Note: I make no claim to originality in this thought experiment. A very similar sort of question was raised in 1775 by the Scottish philosopher Thomas Reid...

Bah, Plato got to the heart of it in Cratylus :

Names would have an absurd effect on the things they name, if they resembled them in every respect, since all of them would be duplicated, and no-one would be able to say which was the thing and which was the name.

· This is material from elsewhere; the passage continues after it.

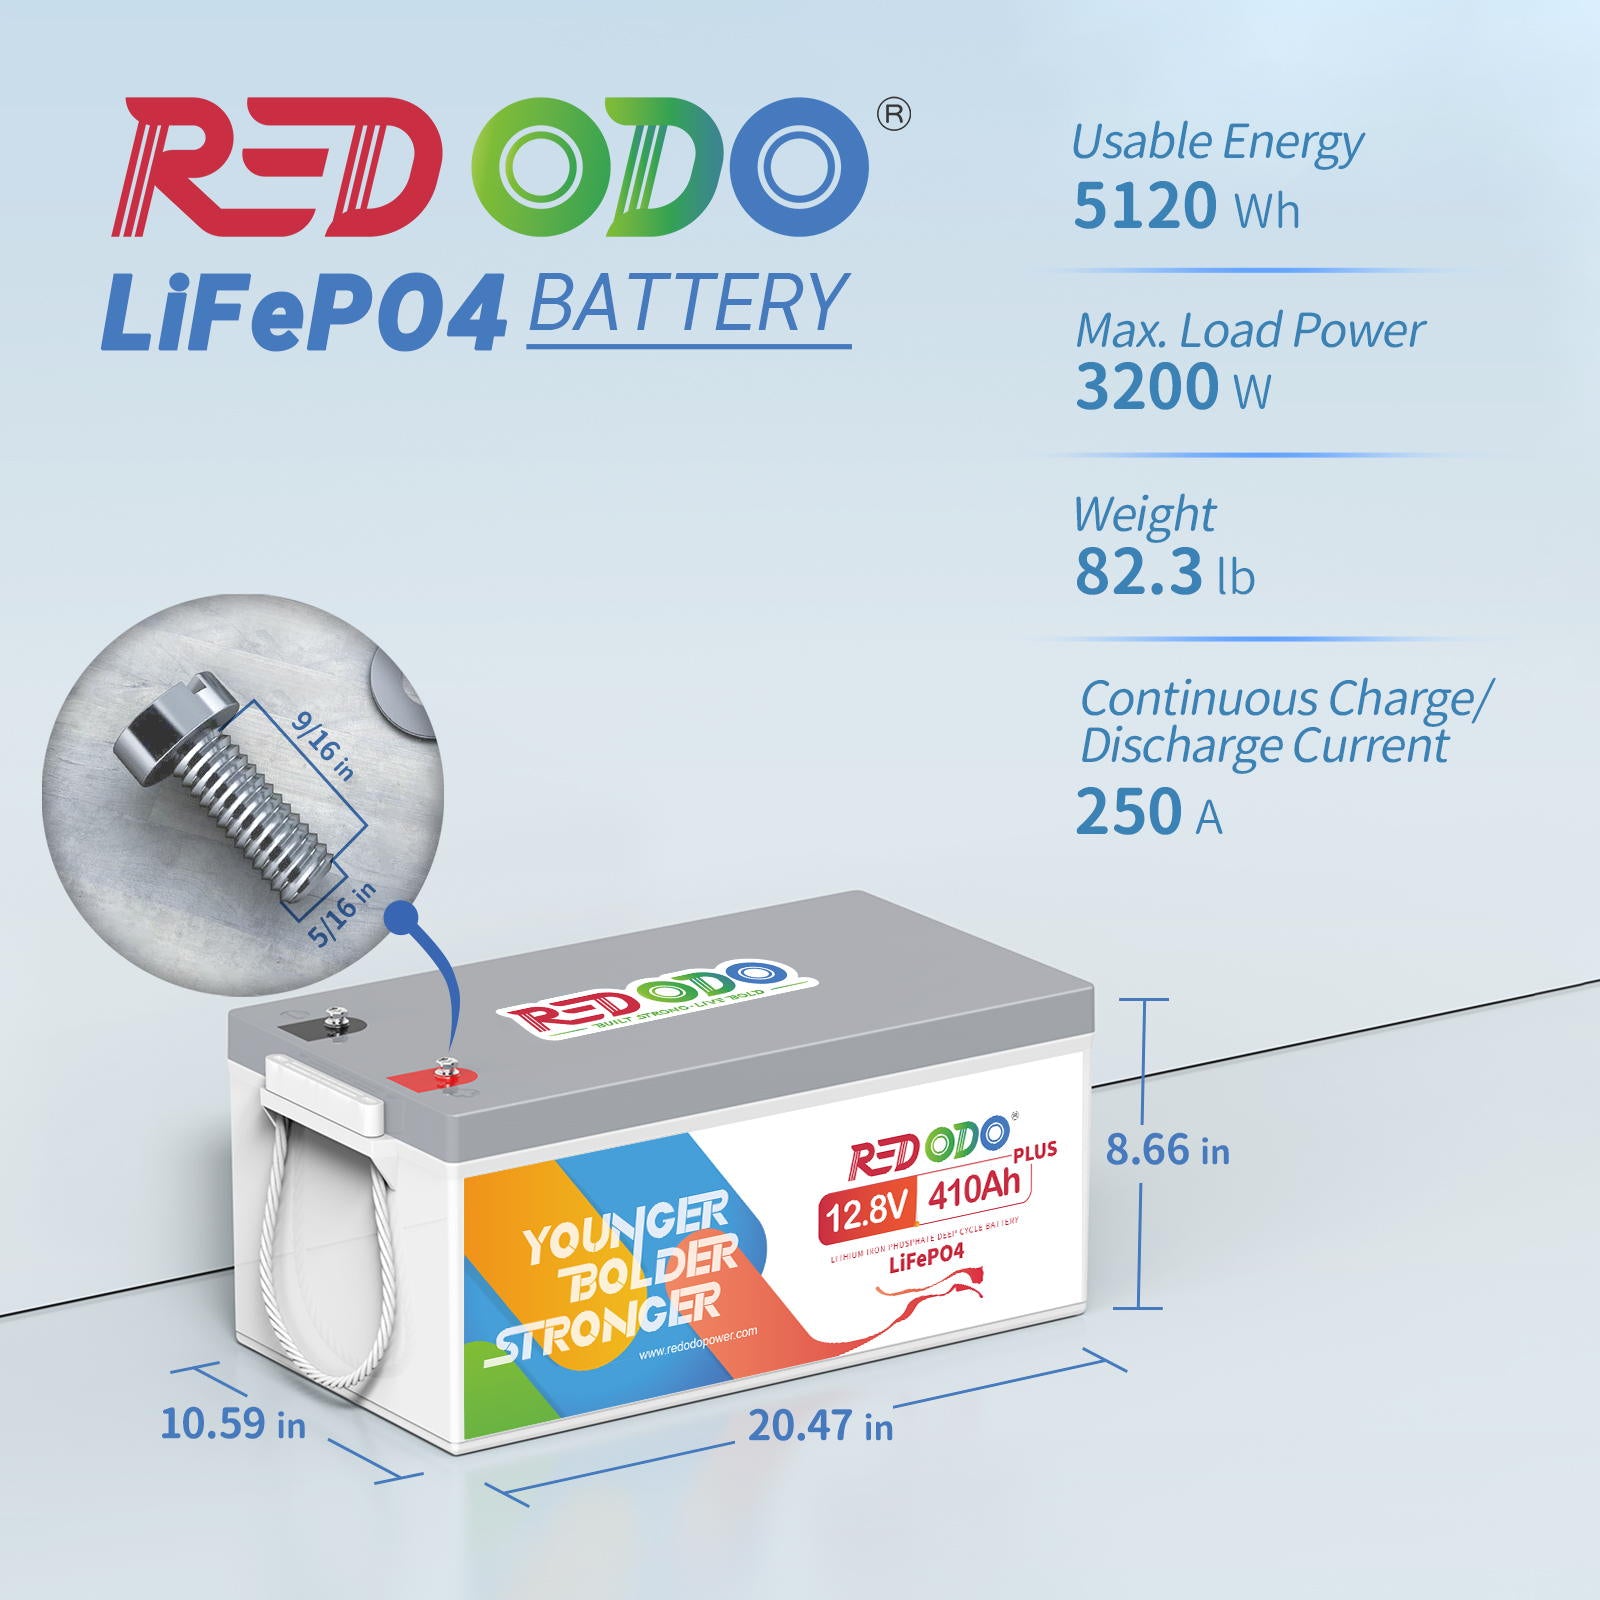 Redodo 12V 410Ah LiFePO4 battery | 5.24kWh & 3.2kW

The concept of me being me, and not some weird collection of different parts with no intrinsic meaning, is something that I will cling to despite whatever fancy-schamncy arguments you want to bring to the table. Like the idea that time flows, I'm not prepared to consider anything else. Time is an illusion ? I'm not really me ? Pffft, whatever. Still interesting to think about though.

A toggle switch allows me to decide whether the ‘old me’ on Mars is preserved or destroyed after I teleport back home. It’s this decision that is causing me to hesitate.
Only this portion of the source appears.